In its Q3 results released today, Nobia said that its UK business had delivered the strongest performance across the company this quarter. These positive results follow years of declining profits for the company, which it has been attempting to fix with a business recovery strategy over the last several years.

Nobia says the third quarter saw it make pre-tax profits of around £1m for its UK business, a significant improvement over the £2m profit loss reported last year. This also marks the UK business’ first profitable result since 2019.

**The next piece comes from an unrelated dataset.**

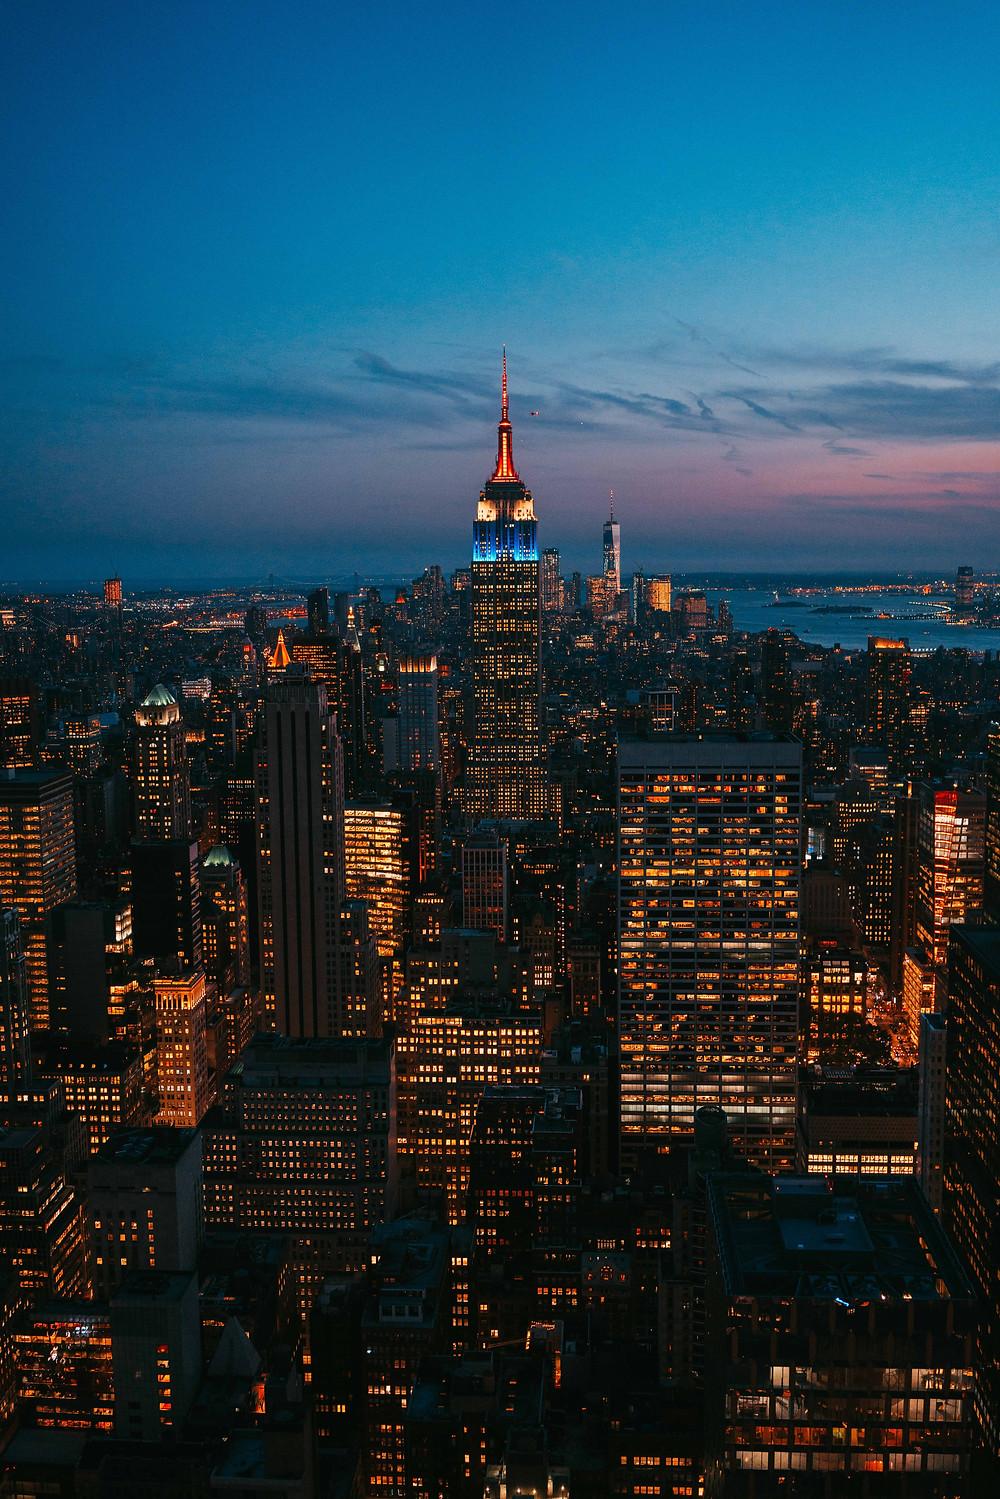 Graphic Design Studio|ARTS D ,位於紐約曼哈頓的 Wall Street,長度不超過一英里,寬僅11米,其壟斷全球的大型投資金融組織密集度居全球之冠。而透過各種高度槓桿收購、風險投資、成長資本、天使投資等等方式進行獲利的全球私募股權公司龍頭 KKR 、 Blackstone 以及透過多種金融工具在1992年襲擊英鎊、1997年亞洲金融風暴中,襲擊泰國、馬來西亞等國的貨幣而得利的 Quantum Group 量子基金總部也設立於此。

Today’s Q3 results also show that Nobia’s UK business enjoyed adjusted operating profits amounting to just over £160k. According to Nobia, its UK like-for-like retail sales were also up by 5% this quarter, with average order values up by 12% year-on-year.

However, organic growth declined by 7%, which the company said was due to “ongoing challenges in the project market” and the fact that Magnet had reduced its number of UK stores. Nobia has also confirmed it has a total of 168 stores in the UK, down from 172 a year ago.

Magnet’s attempts to transition to an “asset light” store model have been well publicised in recent months, with former UK head George Dymond telling kbbreview earlier this year that the retailer was making a dedicated focus on smaller format stores.

Sophie Rose, Nobia’s new head of region for the UK

Nobia’s group results – factoring in both UK and Nordic business – show that net sales decreased by around 3% to SEK 2,308m (approximately £184m) across the company this quarter.

Last week, Nobia also announced a non-cash impairment to its UK operations amounting SEK 1.9bn (approximately £152m) which is reportedly related to intangible assets. Nobia has clarified that this is not linked to its current performance, and instead reflects the UK business’ transition towards a more asset-light model.

Kristoffer Ljungfelt, Nobia’s president and CEO, commented: “Driven by improved gross margins and disciplined cost management, we have continued to reinforce our underlying profitability and operating cash flow in the quarter. In addition, the inauguration of Nobia Park, our new production site in Sweden, represents an important milestone in advancing our strategic agenda.

“Although we anticipate continued softness in project market volumes, especially in the UK, we are encouraged by strengthening consumer sentiments. We will continue to capitalise on our strong brands and capture share in the growing consumer market, while executing on our strategy by ramping up Nobia Park, improving gross margins through sales of higher-value products, and maintaining strict cost discipline.”

In related news, last week Nobia announced that its UK head of region, George Dymond, was stepping down from the role. He was succeeded by commercial & customer director Sophie Rose, who said she plans to continue with Dymond’s turnaround strategy for the business.

“This quarter’s results are a real reflection of the hard work, energy and belief of our people at Magnet,” Sophie Rose commented. “Returning to profit marks a major milestone in our three-year plan and clear proof that our strategy is working. With George’s leadership setting us on the right path, my focus now is on building on that momentum, driving the next phase of our growth with the right investment to accelerate our plan.”